A new methodology to address aerosol-cloud effects on radiation

 

Submitter:

McComiskey, Allison C. — Brookhaven National Laboratory
Feingold, Graham — NOAA Earth System Research Laboratory

Area of research:

Cloud-Aerosol-Precipitation Interactions

Journal Reference:

Sena ET, A McComiskey, and G Feingold. 2016. "A long-term study of aerosol–cloud interactions and their radiative effect at the Southern Great Plains using ground-based measurements." Atmospheric Chemistry and Physics, 16(17), 10.5194/acp-16-11301-2016.

Science

The influence of aerosol on clouds, and its contribution to cloud radiative forcing, represents one of the largest uncertainties in climate studies. Higher aerosol concentrations are linked to more cloud condensation nuclei (CCN) and, with all else equal, smaller cloud drops and higher cloud albedo. However, aerosol and meteorological drivers are interconnected, and may result in mutually compensating effects and adjustments that are not fully understood. For example, smaller drops may suppress precipitation and increase cloudiness, but also enhance entrainment and evaporation, decreasing cloud amount. The direct radiative effect of absorbing aerosols in the vicinity of clouds could also modify the atmospheric temperature profile and stability, and reduce cloud amount. Therefore, cloud microphysical variations do not necessarily manifest as changes in cloud albedo and radiative forcing. In recent years, interest has grown in the influence of meteorology on aerosol-cloud interaction assessments. However, untangling the cloud microphysical effects from dynamics and isolating their contributions to the radiative balance remains a major challenge.

Impact

In this study a new approach to assessing aerosol effects on shallow, liquid clouds is proposed. Previous studies have typically relied on empirical estimates of the microphysical response of cloud droplet size distribution to aerosol perturbations in order to constrain aerosol-cloud interactions in climate models. Instead of quantifying the usual metrics for microphysical response to an aerosol perturbation, we focus on analysis of aerosol associations with cloud macroscopic variables and radiative properties of shallow liquid water clouds. These quantities are more closely related to the cloud radiative effect and therefore represent a pragmatic pathway towards quantification. Long-term, ground-based observations from the Atmospheric Radiation Measurement (ARM) Research Facility were analyzed to investigate the coincident effects of aerosol, macroscale cloud properties, and selected meteorological indices on clouds at ARM's Southern Great Plains (SGP) observatory in Oklahoma, USA.

Summary

Large statistics were used to better understand the relative effects of aerosol and meteorological drivers on the radiative effect of low-level, continental clouds. The impact of variations in different physical properties on the instantaneous cloud radiative effect was evaluated. Case studies representing conflicting results regarding the relationship between the aerosol and the cloud radiative effect were selected and analyzed in greater detail.

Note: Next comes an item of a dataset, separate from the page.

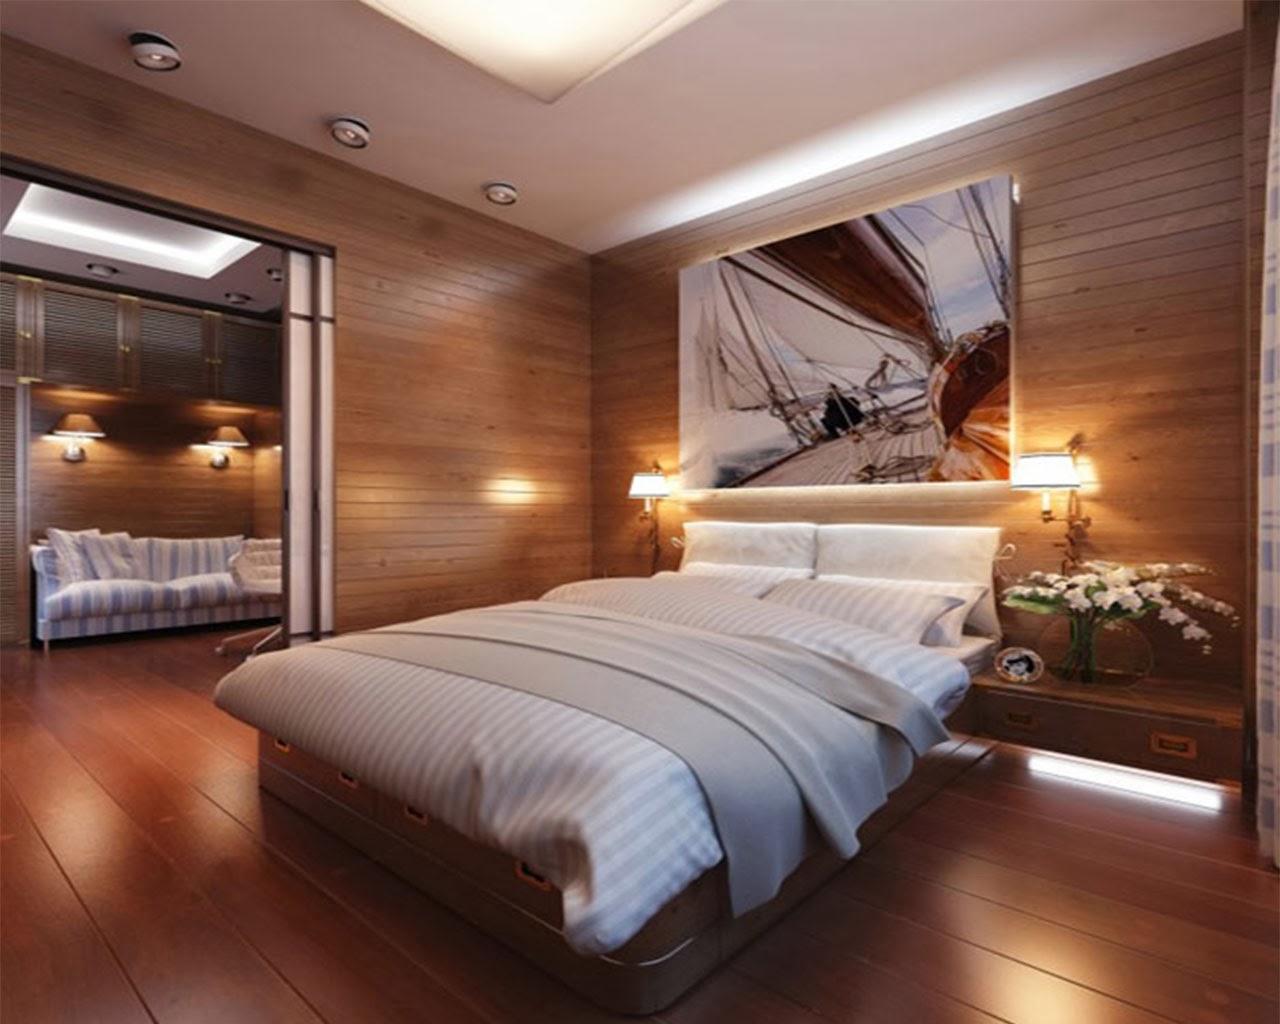 Bedroom Designs 2014 - Moi Tres Jolie on Bedroom Decor  id=93812

Microphysical estimates are shown to be highly uncertain and to depend strongly on the methodology, retrieval technique used to estimate droplet radius, and averaging scale. For this site, the results indicate that over the 14-year analysis period the influence of the aerosol on the shallow cloud radiative effect and albedo is weak and that macroscopic cloud properties and thermodynamic parameters such as lower tropospheric stability and boundary-layer coupling play a much larger role in determining the instantaneous cloud radiative effect compared to microphysical effects. On a daily basis, aerosol shows no correlation with cloud radiative properties, whereas the liquid water path shows a clear positive relationship.